С другой стороны, рулетка характеризуется как средство спасения, с ее помощью совершается чудо: «Так вы решительно продолжаете быть убеждены, что рулетка ваш единственный исход и спасение?» (219); «Надеюсь на одну рулетку» (219); «со мною в этот вечер … случилось происшествие чудесное. Оно хоть и совершенно оправдывается арифметикою, но тем не менее — для меня еще до сих пор чудесное» (291). Это уже знакомая нам тема игры на смерть («Стояла на ставке вся моя жизнь!» — 292). Одновременно это и событие, описываемое эсхатологически — не только как чудо, но и как смерть и воскресение в новом образе: «Могу из мертвых воскреснуть и вновь начать жить! Человека могу обрести в себе, пока он еще не пропал!» (311), «Вновь возродиться, воскреснуть» (317).
Подлинного чуда в «Игроке» не происходит: герой, как и Раскольников, считая, что деньги — источник зла, спасения ждет от них же («деньги — все!» — 229). Перерождение мира — в замене нехватки денег их изобилием — мысль, породившая масонскую утопическую алхимию в конце XVIII в. и спародированная Гете во второй части «Фауста»[776] — или в счастливом их перераспределении. В произведениях Достоевского такой путь отвергается. Однако остается самый принцип спасительности чуда — немотивированного и внезапного перерождения мира. Более того, именно веру в немотивированность и внезапность спасения Достоевский считает типично русской чертой. В этом смысле следует понимать утверждения, что «ужасная жажда риску» (294) — типично русская психологическая черта, а «рулетка — это игра по преимуществу русская» (317), основанная на стремлении «в один час» «всю судьбу изменить» (318).
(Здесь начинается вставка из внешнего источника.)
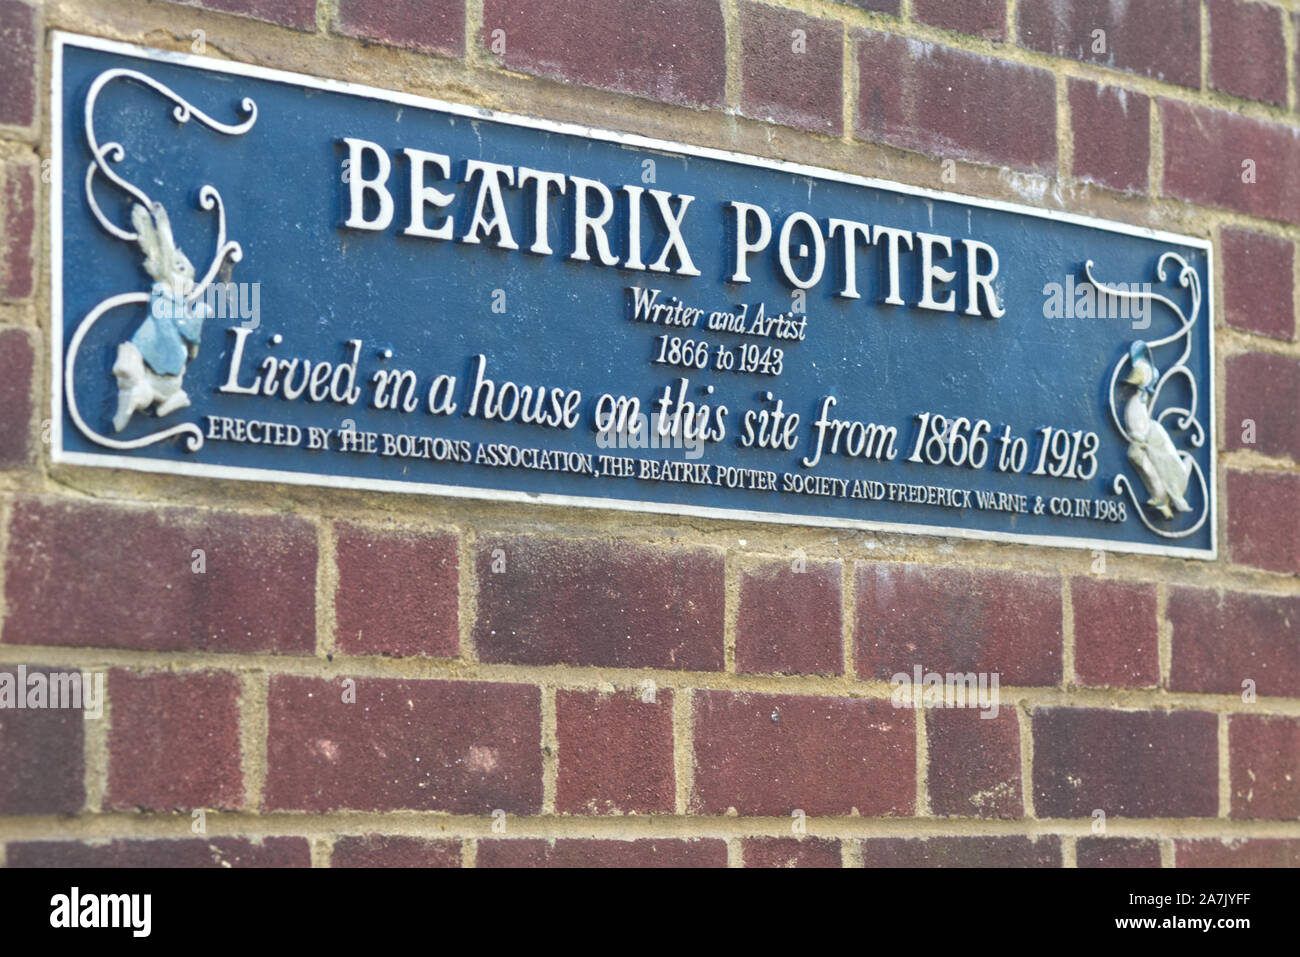 Beatrix Potter writer and artist 1866 to 1913 lived a house on this site, The Boltons London Stock Photo

Место коммерческих игр в «Игроке» занимает настойчивая антитеза буржуазного накопительства Европы и русского стремления переменить судьбу «в один час»: «Почему игра хуже какого бы то ни было способа добывания денег, например, хоть торговли?» (216). «В катехизис добродетелей и достоинств цивилизованного западного человека вошла … способность приобретения капиталов» (225), противостоящая вере во внезапное счастье, «где можно разбогатеть вдруг, в два часа, не трудясь». Далее герой добавляет: «Неизвестно еще, что гаже: русское ли безобразие или немецкий способ накопления честным трудом» (225).
Тема карт существовала в литературе до «Пиковой дамы» — как сатирическая, бытовая или философски-фантастическая. Однако только у Пушкина она приобрела ту принципиальную многозначность, которая позволила ей наполниться неожиданно емким содержанием.
Альберт Эйнштейн говорил о соотношении между романами Достоевского и теорией относительности. Художественные открытия позднего Пушкина можно было бы сопоставить с принципом дополнительности Нильса Бора. То, что один и тот же символ (например, карточной игры) может, наполняясь противоположными значениями, представить несовместимое как аспекты единого, делает произведения Пушкина не только фактами истории искусства, но и этапами развития человеческой мысли.
Образы природных стихий в русской литературе (Пушкин — Достоевский — Блок)[777]
1. Культурное освоение мифологического наследия в последующей традиции возможно в двух планах: а) в плане «лексики» (мифологической номинации) и б) в плане синтаксиса (мифологической структуры повествования). Позитивистская концепция прогресса, господствовавшая в литературоведении XIX в., рассматривала этот процесс как постепенную «демифологизацию» — освобождение культурного сознания от мифологических форм. История культуры в ее нынешнем состоянии раскрыла в этом процессе значительно большую сложность и противоречивость: этапы отталкивания и сближения сложно переплетаются в динамическом развитии культуры. Однако в аспекте избранной нами темы важно подчеркнуть неравномерность протекания этих процессов на двух названных выше уровнях: номинации и синтаксиса Пики «сближении» и «отталкивании» здесь могут отнюдь не совпадать.